→ Action item
Shown below are entries with pictures; the line with "Tats ERECTLIC THUNDER" through the line with "SUICOKE Fur Applique" is the span to retype exactly, and the pictures stay out.

→ Task input
<<<<

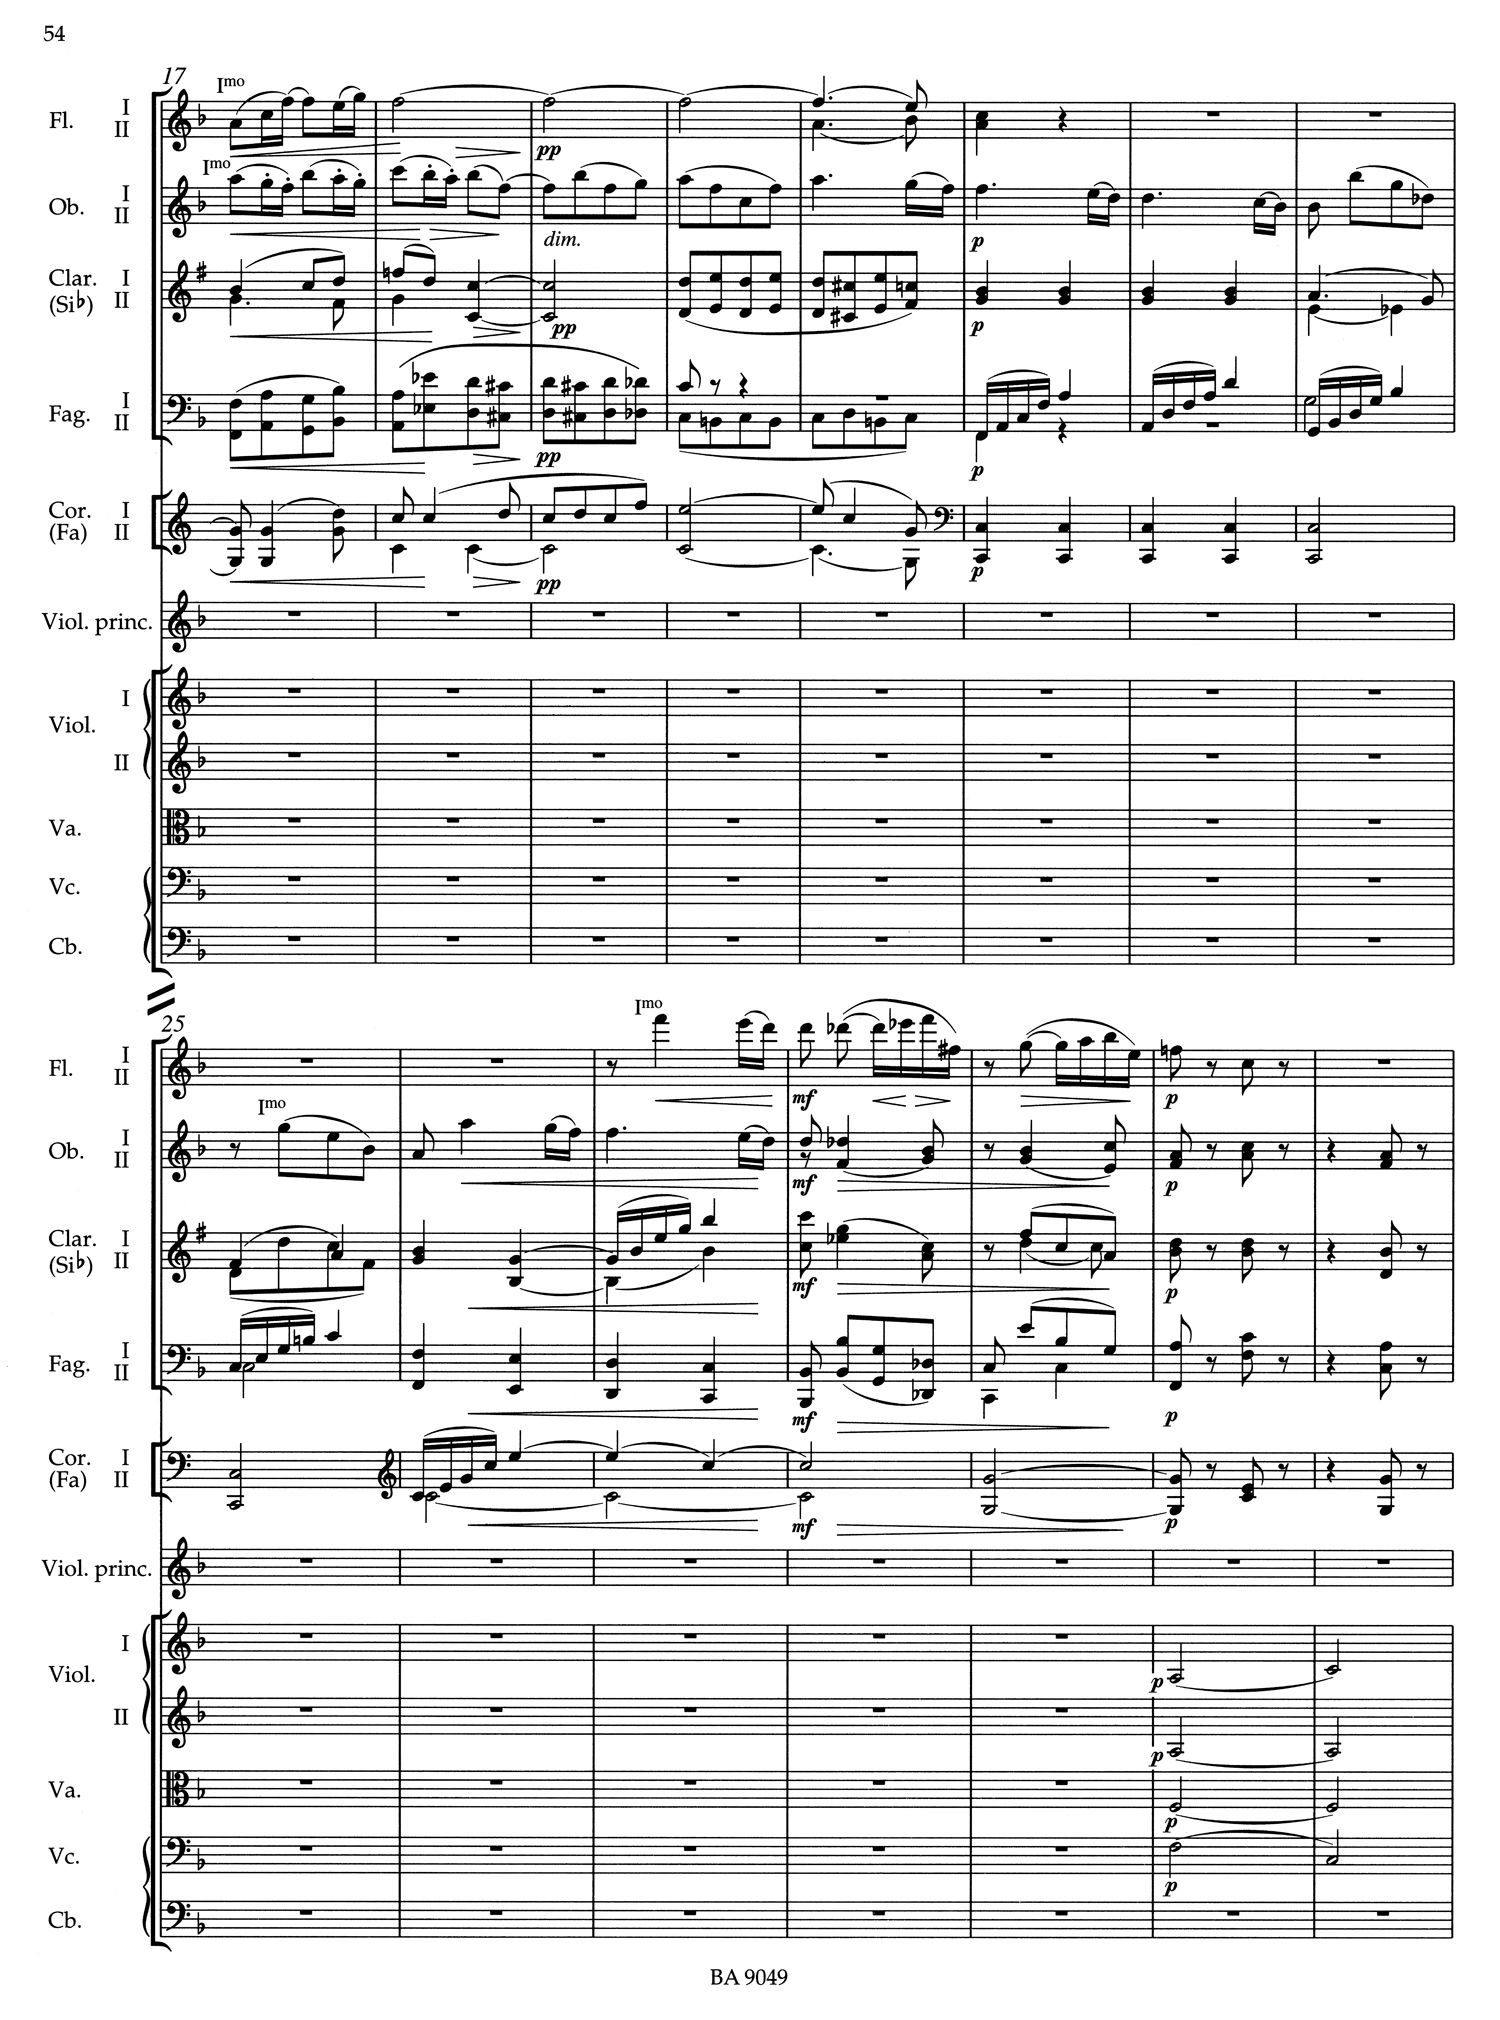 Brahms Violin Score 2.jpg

>>>>
<<<<

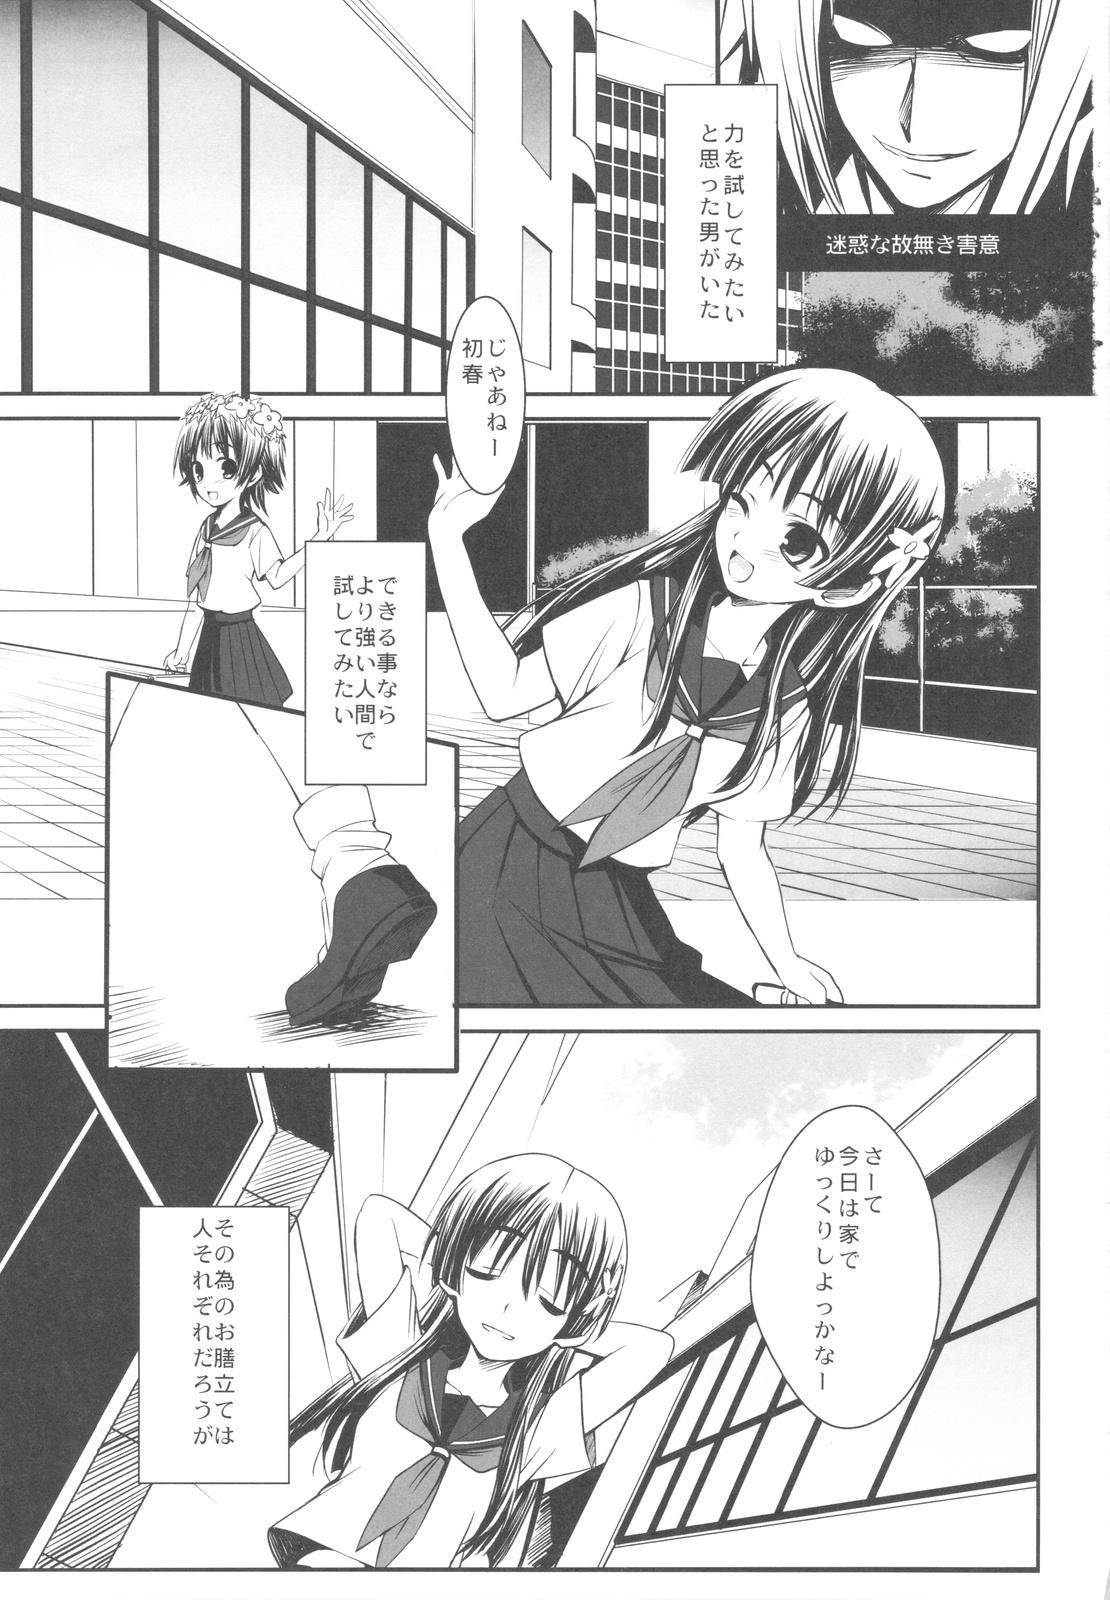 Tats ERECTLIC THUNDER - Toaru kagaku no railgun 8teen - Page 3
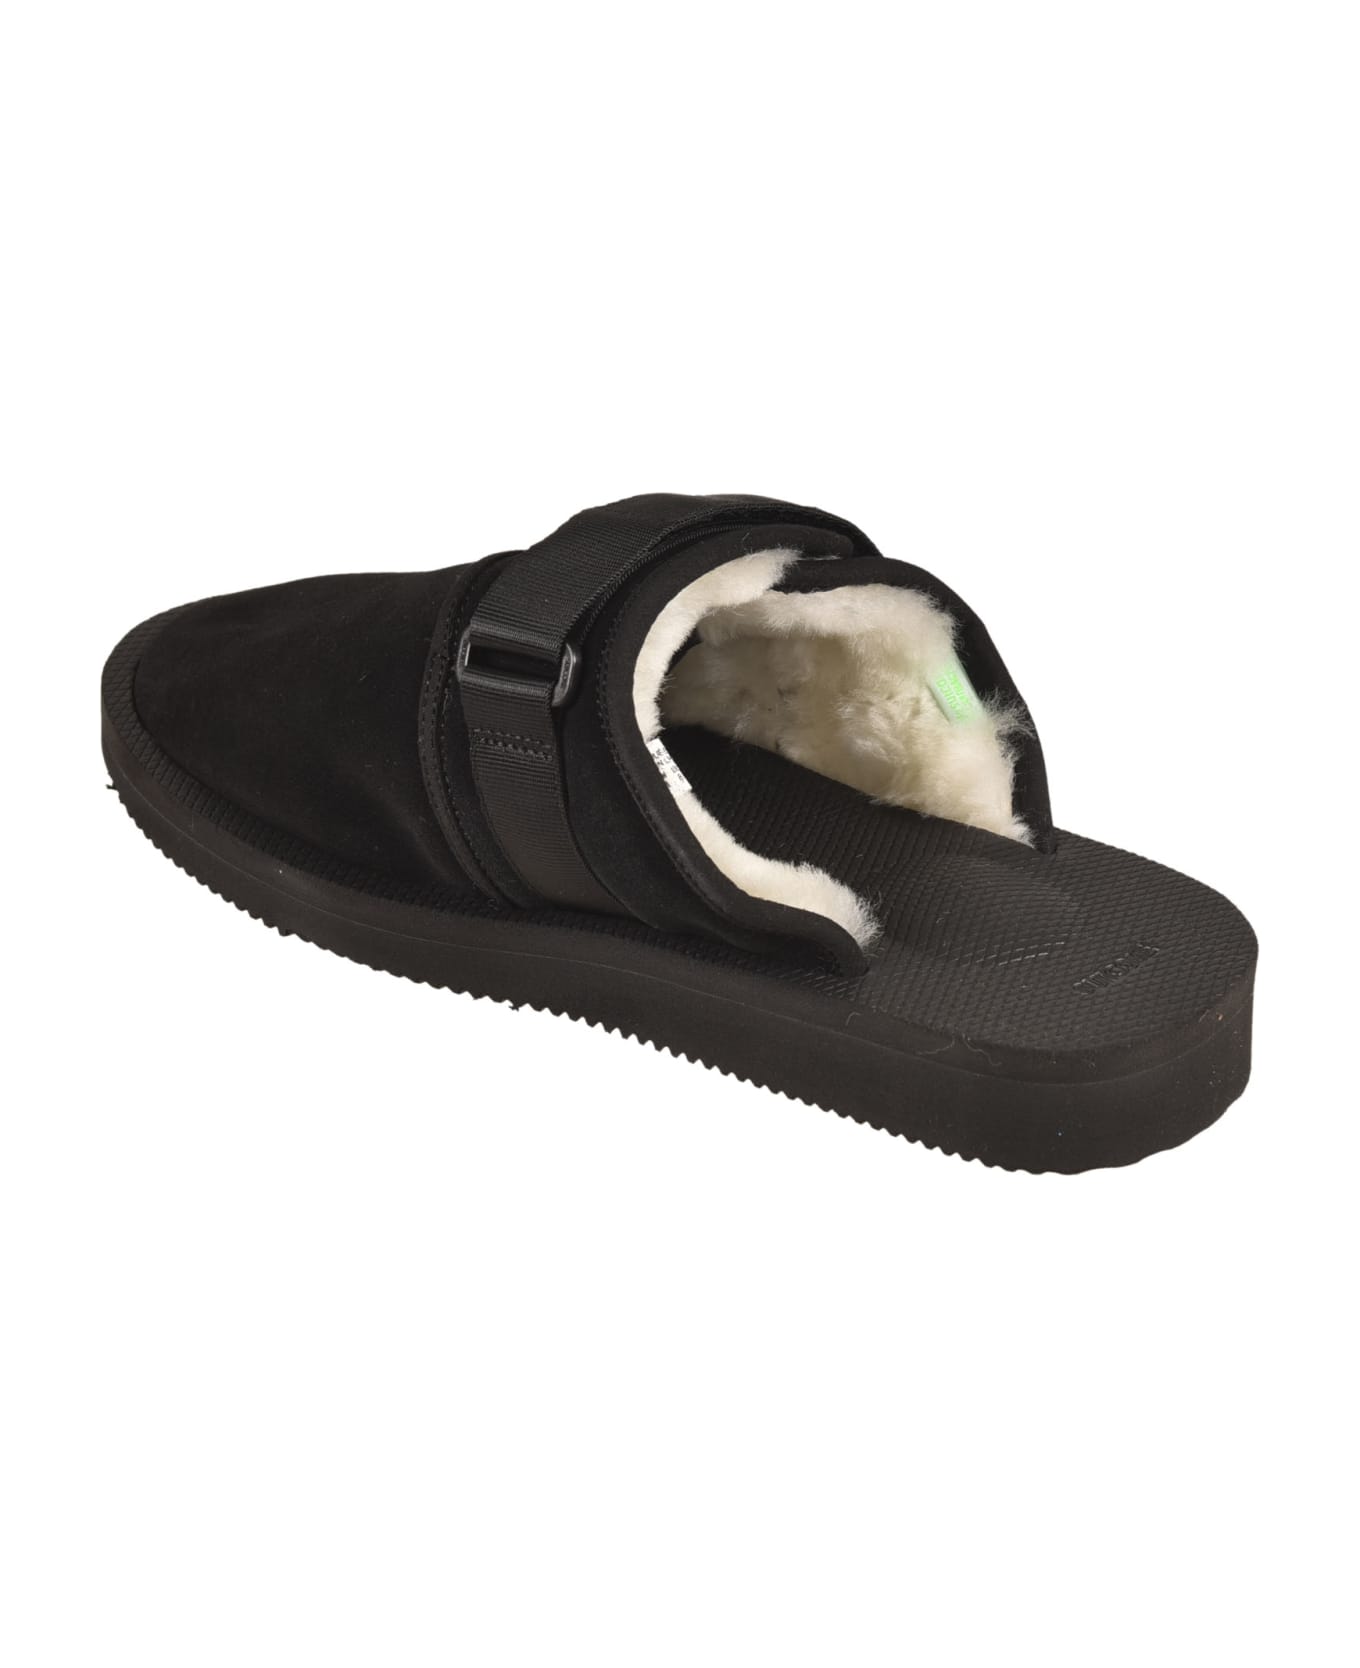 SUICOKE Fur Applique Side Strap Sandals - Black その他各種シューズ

>>>>
<<<<

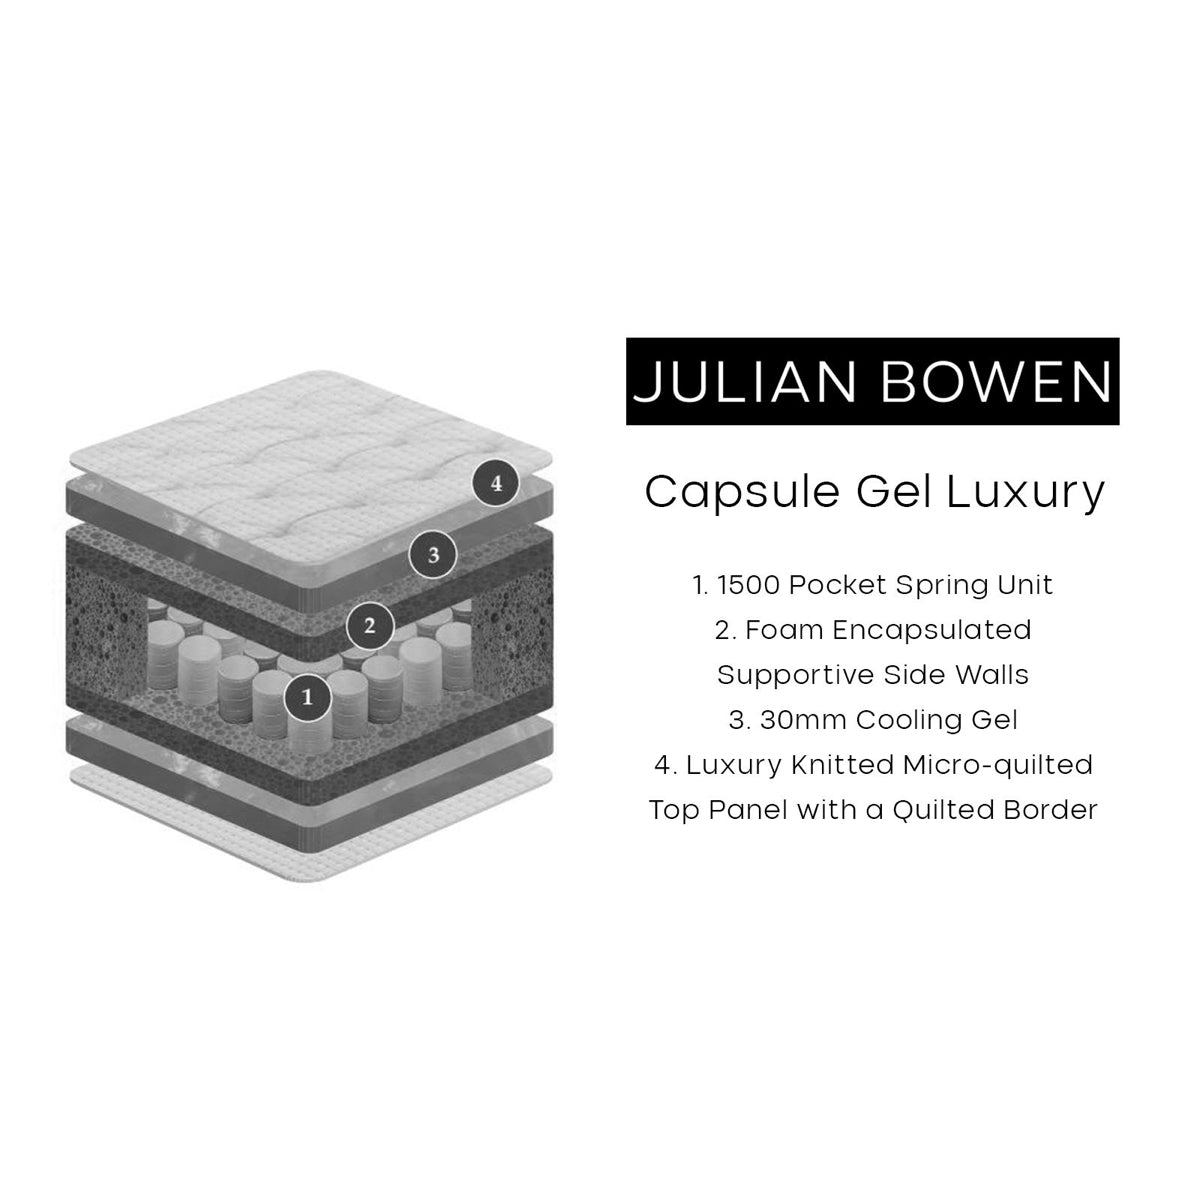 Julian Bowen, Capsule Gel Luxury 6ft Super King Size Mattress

>>>>

→ Solution for this problem
 Tats ERECTLIC THUNDER - Toaru kagaku no railgun 8teen - Page 3
 SUICOKE Fur Applique Side Strap Sandals - Black その他各種シューズ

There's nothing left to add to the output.